Work instructions: Please write out exactly the line containing "Cool HD Jungle" below and every line after it, through the last one, but leave out any pictures.

Provided data:
——

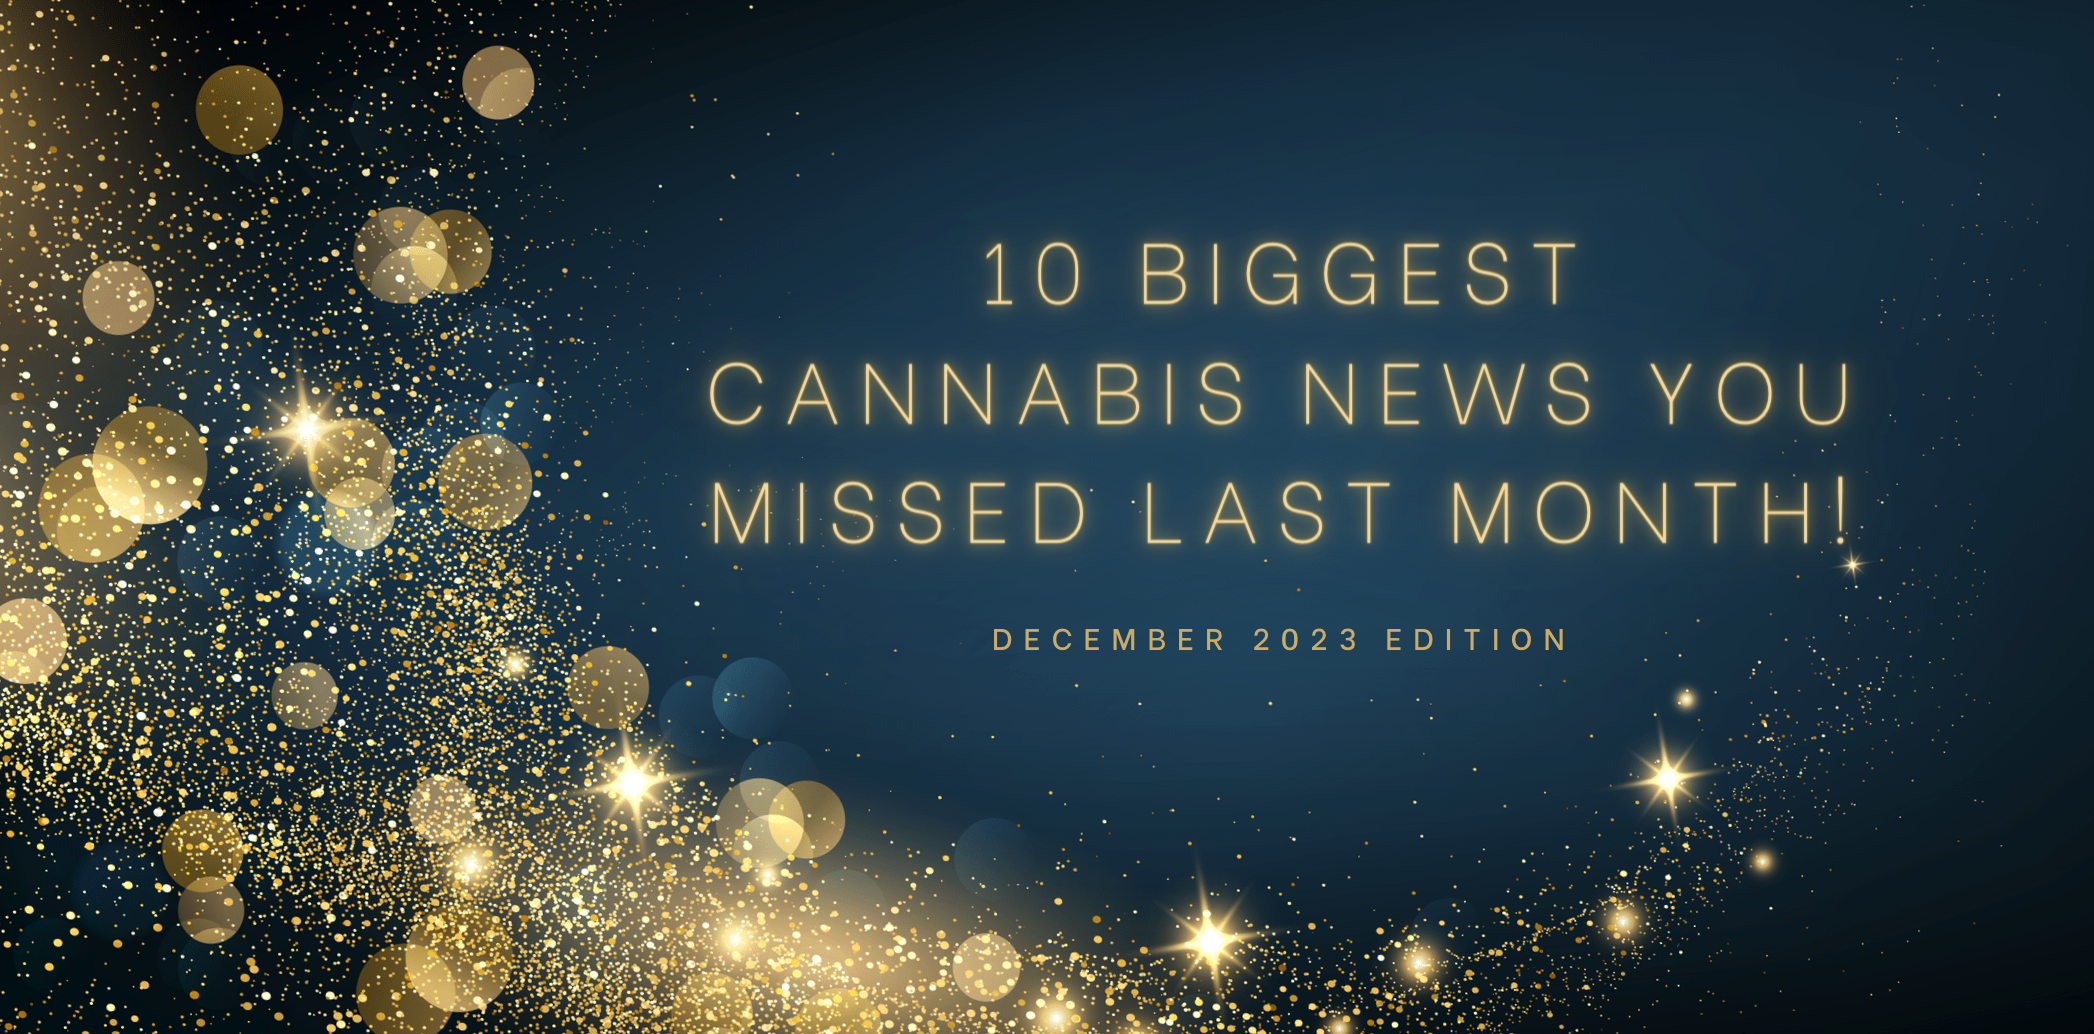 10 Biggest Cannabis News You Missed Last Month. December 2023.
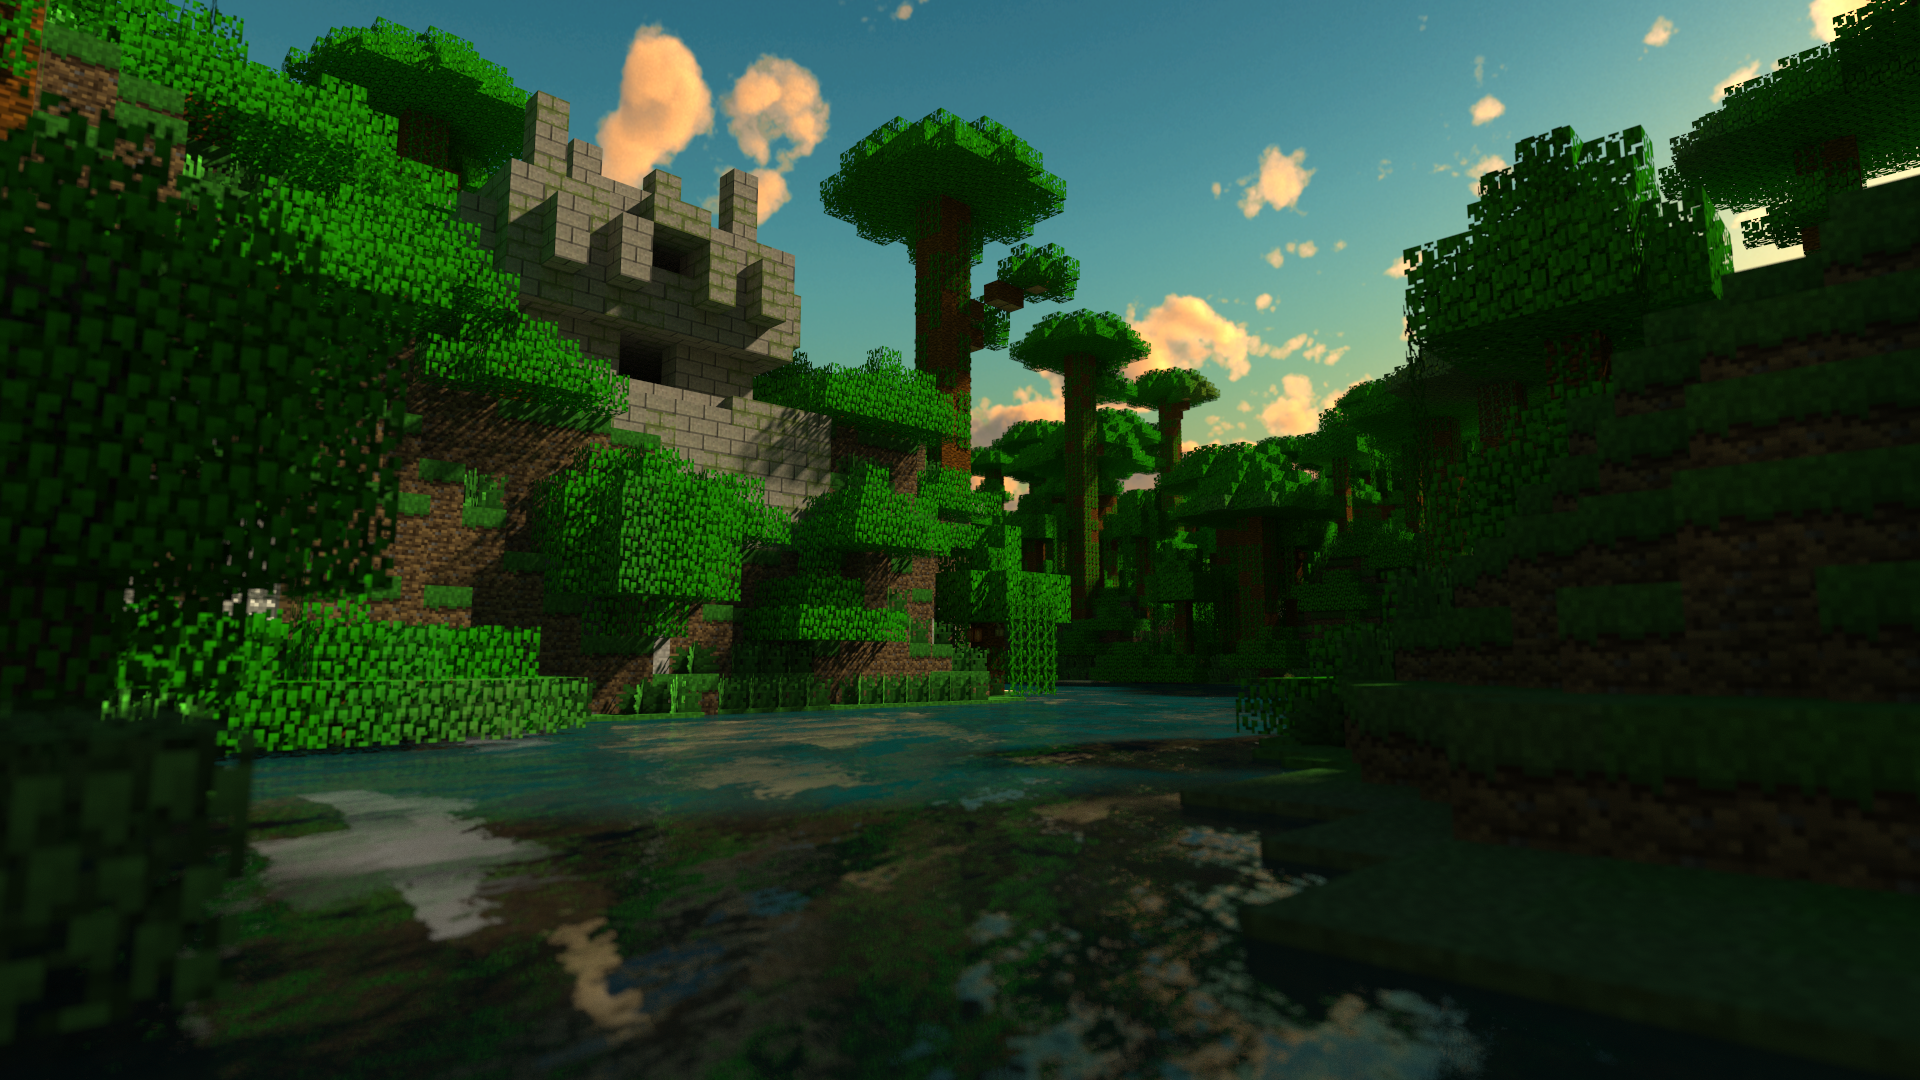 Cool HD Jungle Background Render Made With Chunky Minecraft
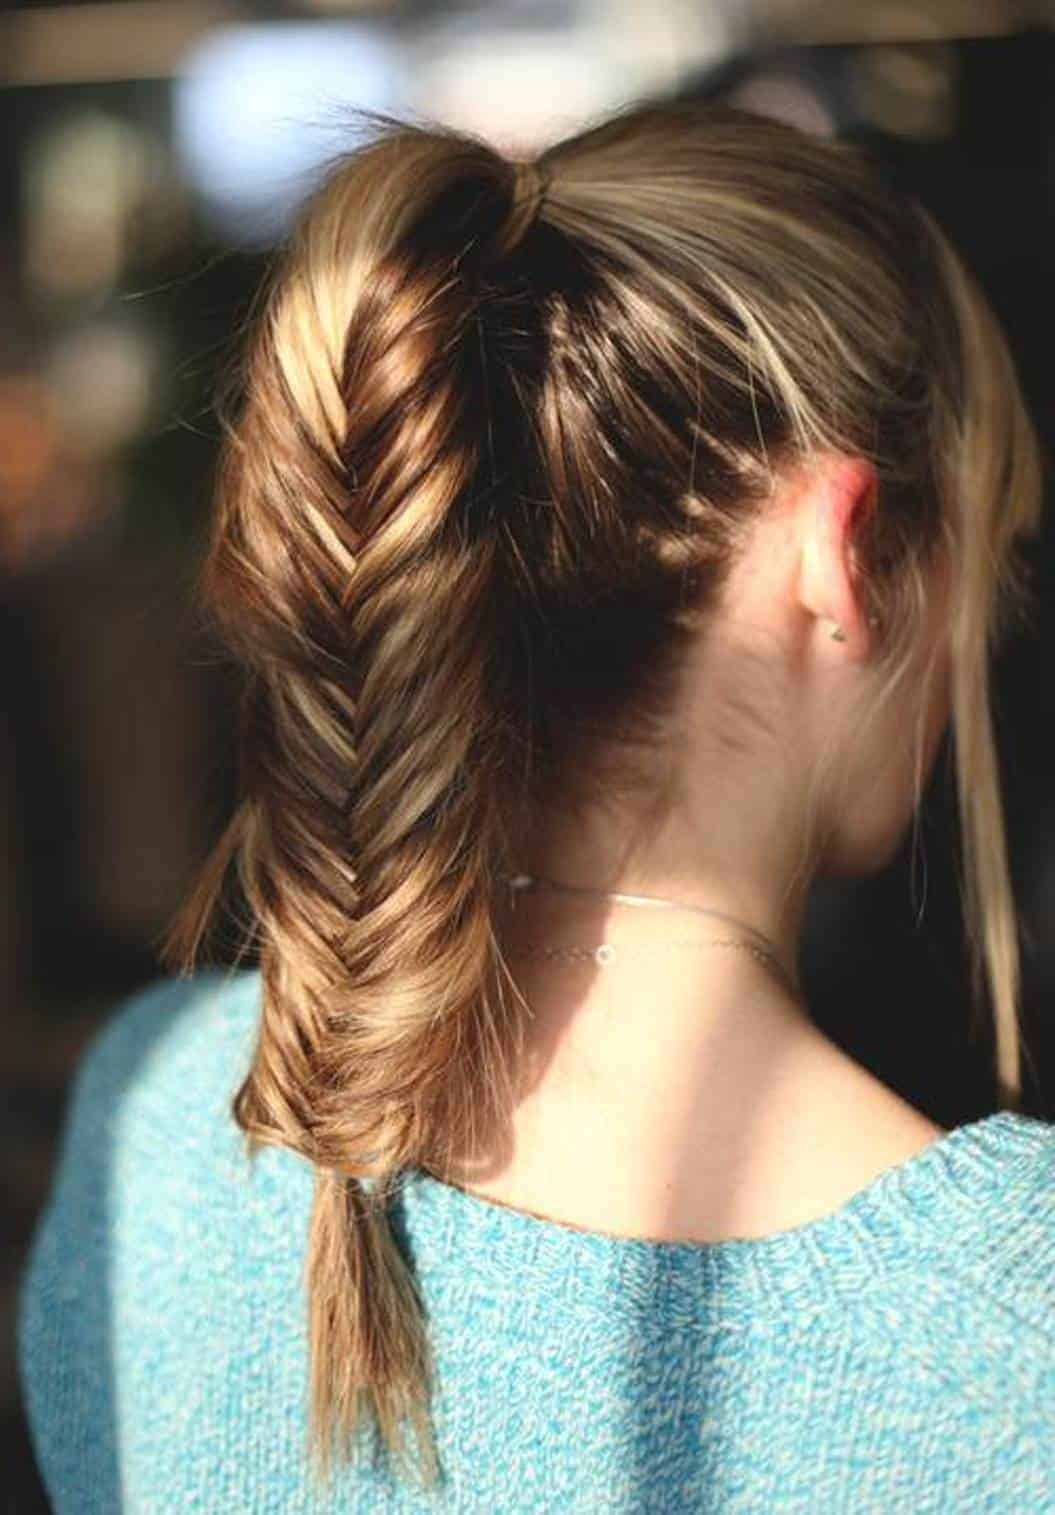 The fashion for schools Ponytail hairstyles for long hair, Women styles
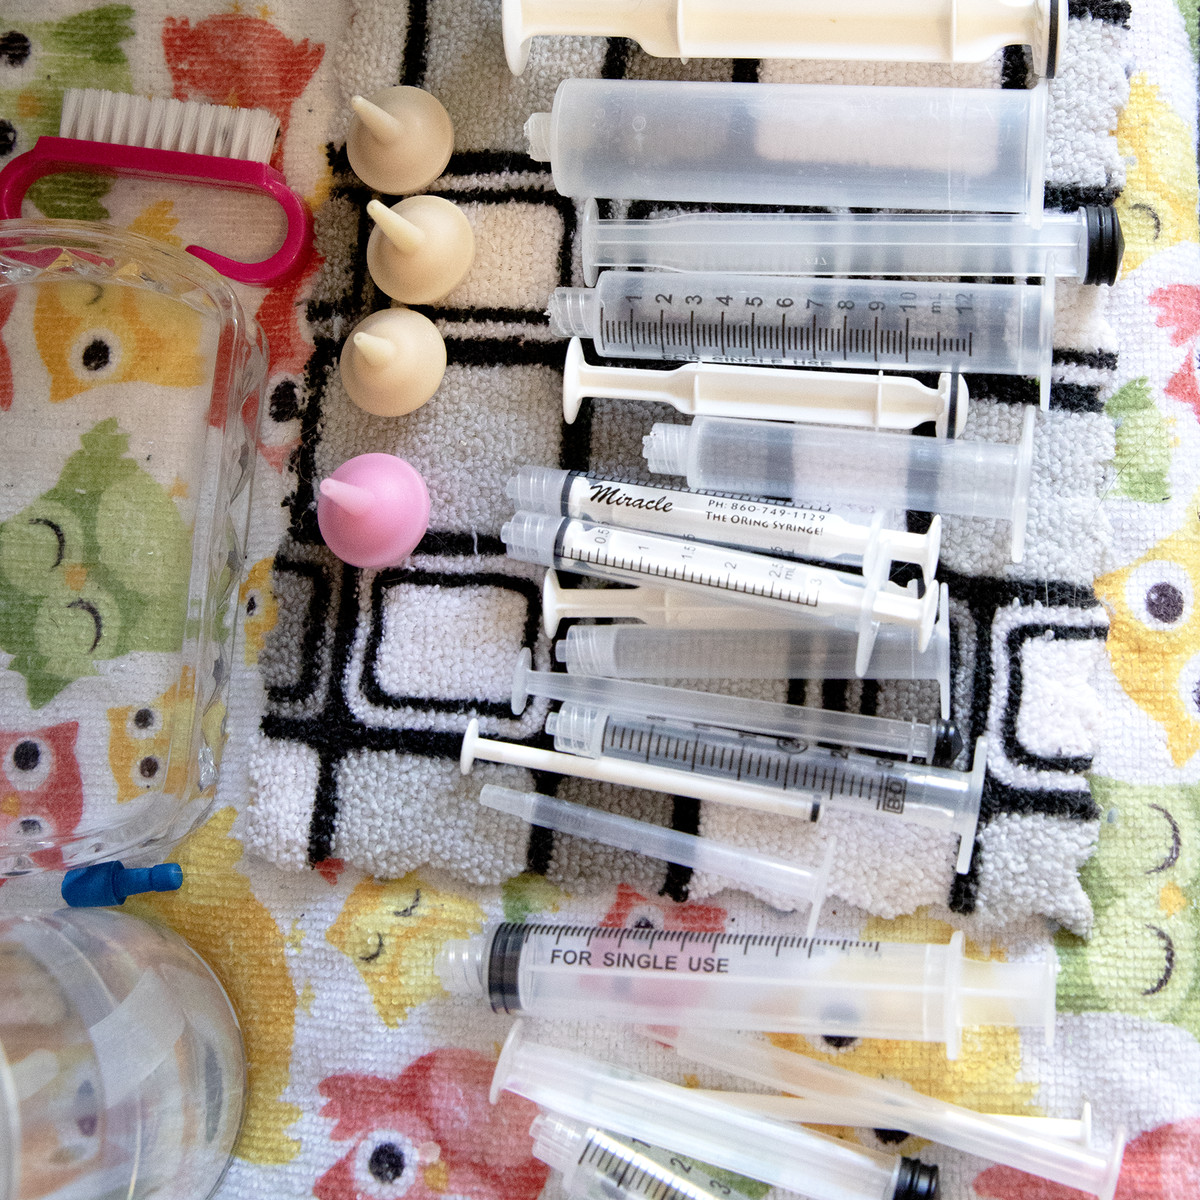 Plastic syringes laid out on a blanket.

——

Response area:
 Cool HD Jungle Background Render Made With Chunky Minecraft
 The fashion for schools Ponytail hairstyles for long hair, Women styles
 Plastic syringes laid out on a blanket.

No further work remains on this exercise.